Steel tariffs and protecting your margins as a sheet metal contractor
Five tips for navigating increasing construction material prices
Few businesses are caught in a vice more than sheet metal contractors. In light of the continuing steel tariff fallout, contractors are understandably worried about whether they can hold margins by passing along the commodity price increases with a markup. Some sheet metal contractors will try to hold gross profit by passing along an incremental price increase alone. Others will reduce profitability by only passing part of the price increase. But there are other options available that can help you navigate the price increases brought on by steel tariffs:
Signal price increases
Sheet metal contractors can signal price increases so that customers expect them. Similar to the beer and soft drink manufacturers, announce a price increase and gauge reactions. The actual price increase can be more or less than the announcement.
Increase prices selectively
For repeat customers, hold off the full price increase for now, letting them know they are receiving special treatment due to their loyalty. New customers or less steady customers may pay the full amount of the increase.

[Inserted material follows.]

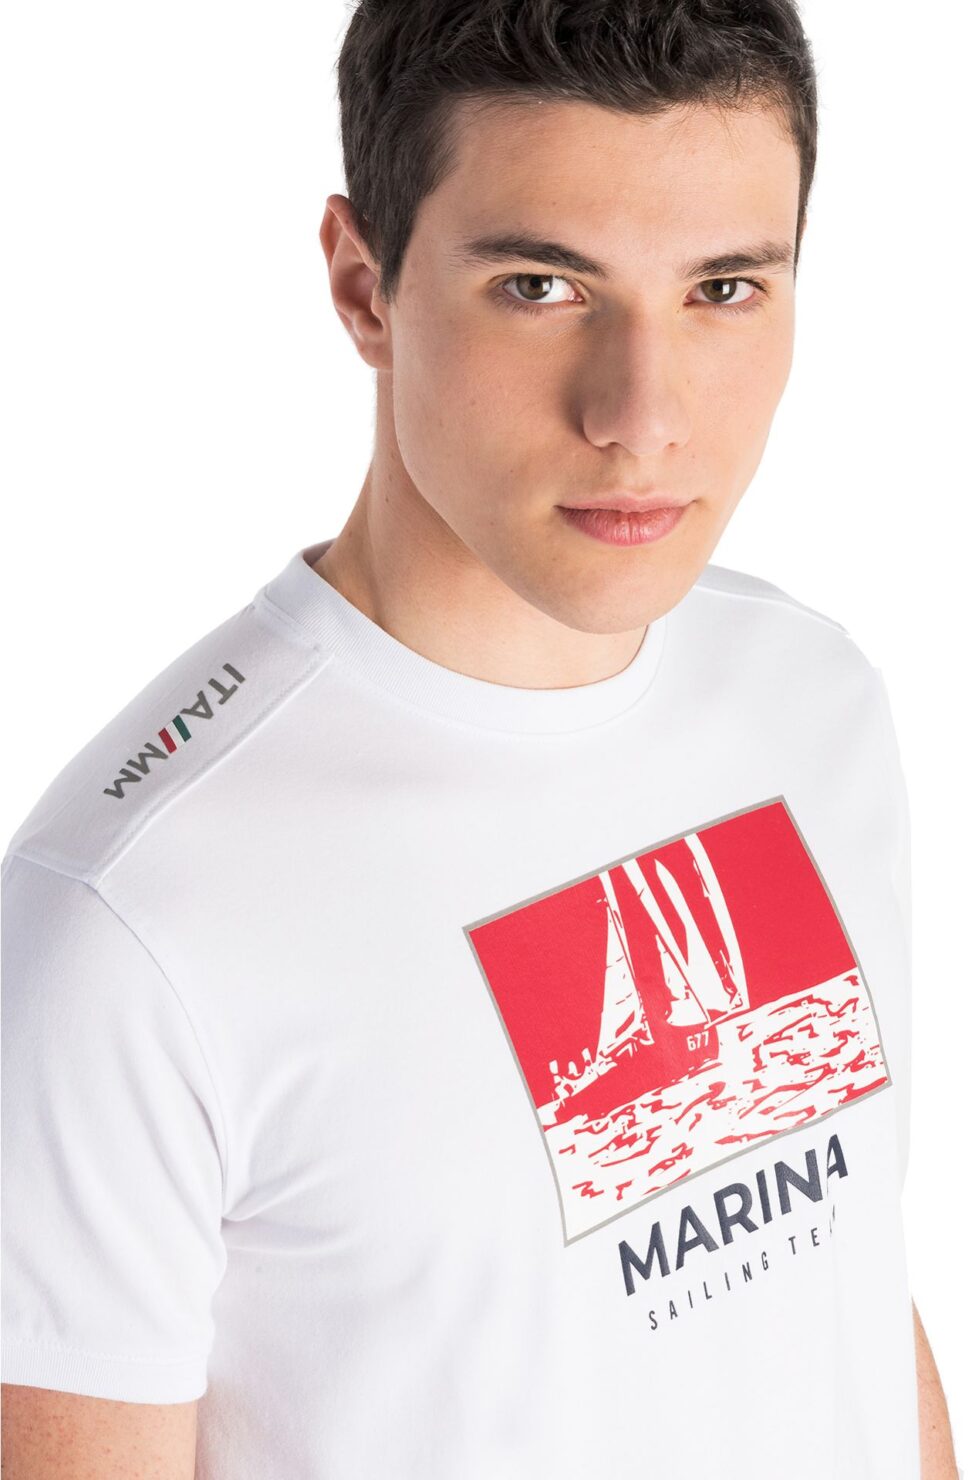 T-shirt Marina Militare  Koszulka drużyny żeglarskiej

Sell residential work on payments
Price as needed but work with third party financing companies to finance jobs so that monthly payments can be sold. Frankly, contractors should already be selling consumers this way. It’s how people think and how they make most major purchases from cars to appliances.
Bundle to add value
If prices must increase, find value adds to bundle with the sale to increase perceived value. This was practiced by Donald Trump himself, when he threw in luxury automobiles with purchases of condos during a real estate slump.
Take something away
Reduce the price, but only if the customer agrees to remove a service, product, or part.